Hello all, it’s nice to be using and posting about Julia.

I need to use the maximum() function on SubArrays, and have observed some results which confuse me based on the shape of the original array. Essentially, I have a large m and small n, and would have thought that an m by n matrix would yield the better performance due to the column major ordering. However, that is not what I’m observing in terms of memory when using the maximum() function, as in the below example.

```
function test()
x = rand(512,2) # Array is 512 by 2
y = x' # Array is 2 by 512
@time results1 = maximum(view(x,1:128,:))
@time results2 = maximum(view(y,:,1:128))
# Check the calculation was the same with the percentage error
println(maximum(abs,100.0*(results1-results2)/results1))
end
```

test()

0.000003 seconds (4 allocations: 144 bytes)

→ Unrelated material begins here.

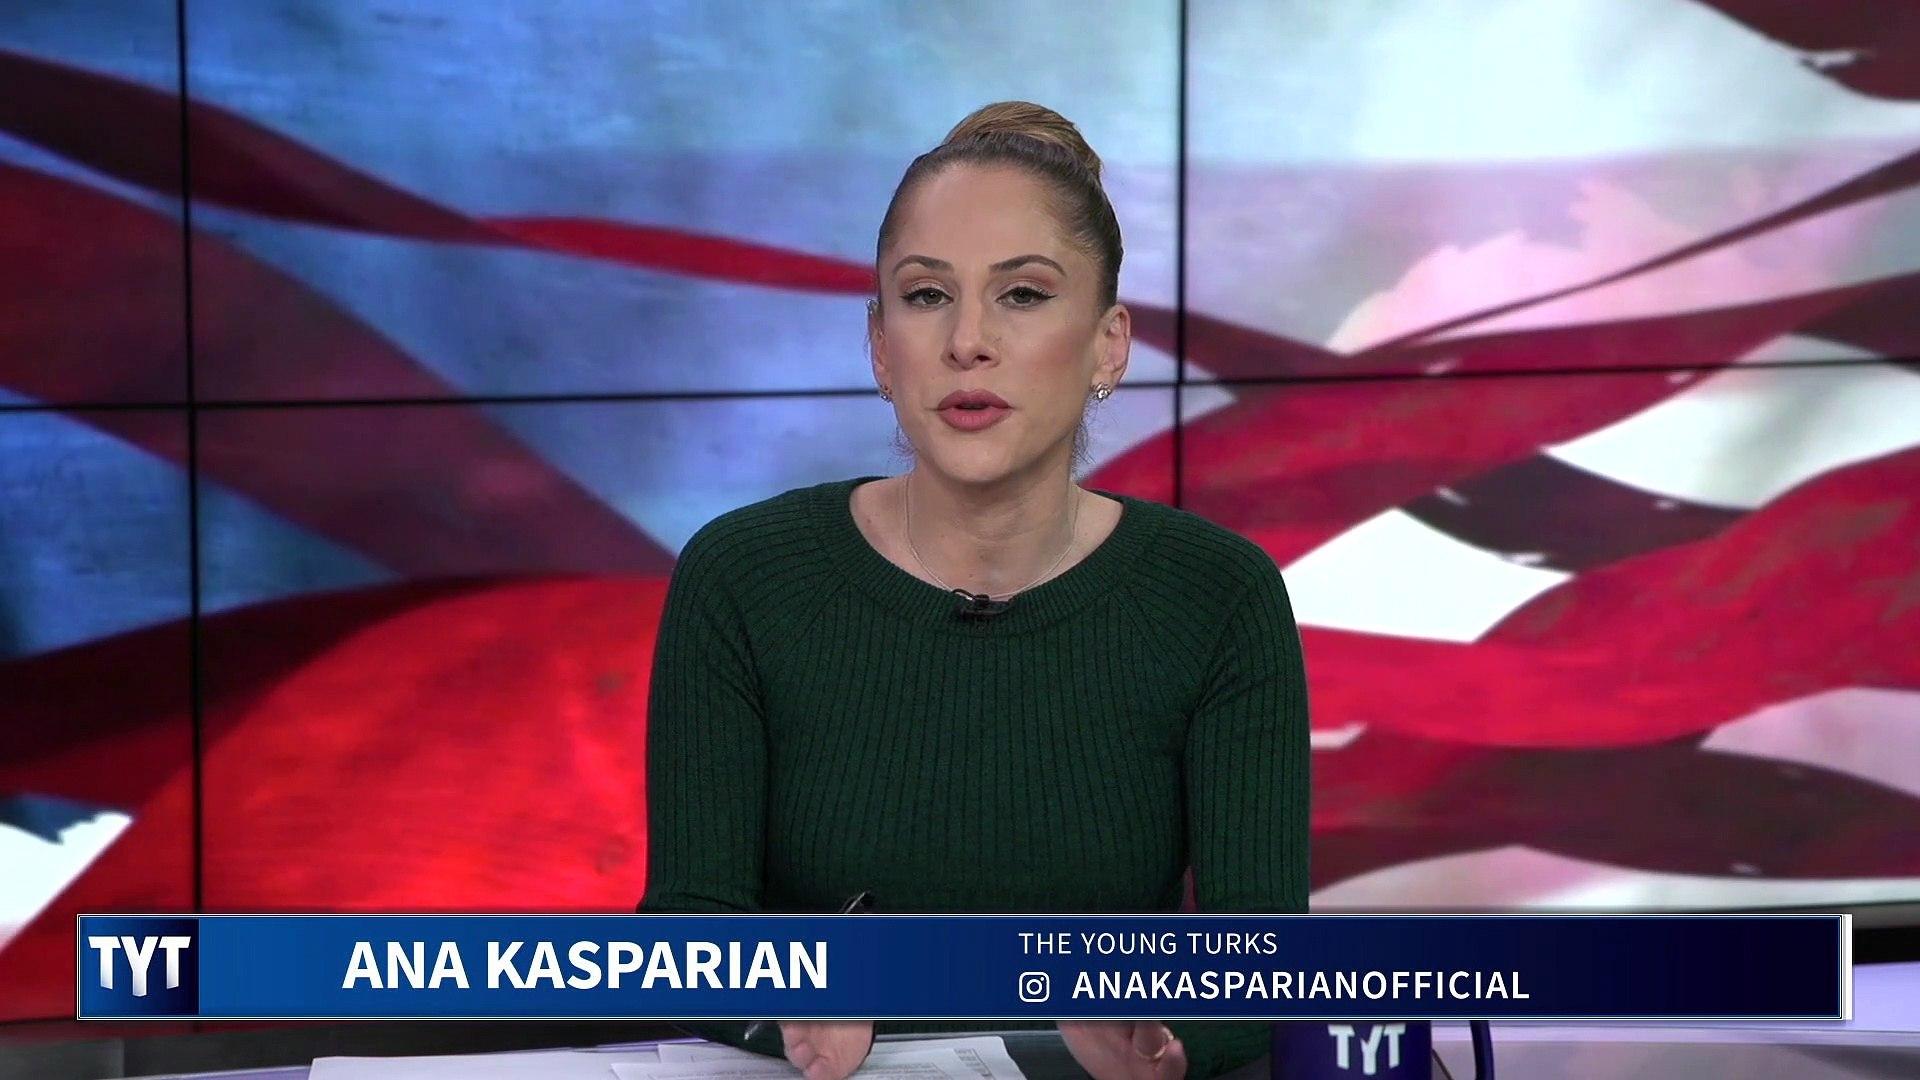 Ana Kasparian Nose Job ana kasparian - video: ana kasparian interviews tyt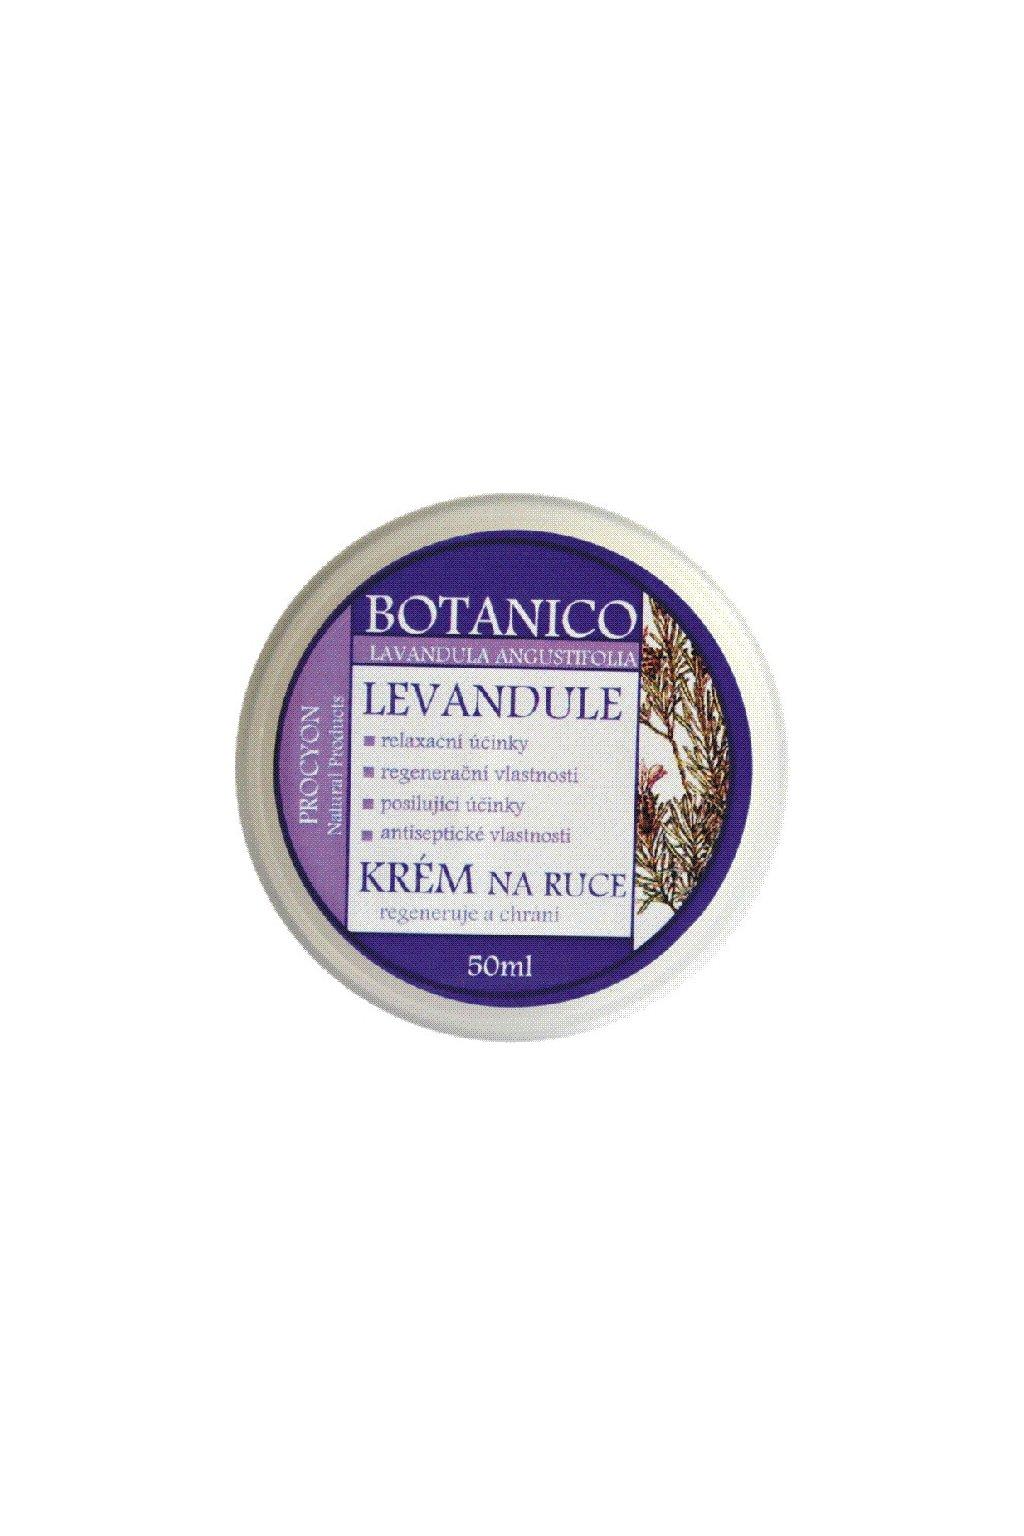 Botanico - Levandulový výživný krém na ruce - 50ml

0.000002 seconds (1 allocation: 48 bytes)

0.0

I have tried using 0.5.0 and 0.6.0-rc3 on two different Windows machines, using the Atom IDE.

Is there something that I’m overlooking?

(Please quote your code using backticks.)

Check out the BenchmarkTooks.jl package for correct micro-benchmarking.

You need to run the code twice if you don’t use that package.

Thank you for the tip, I will investigate this package. In the meantime, I’ve added the a bit about my development environment and machine.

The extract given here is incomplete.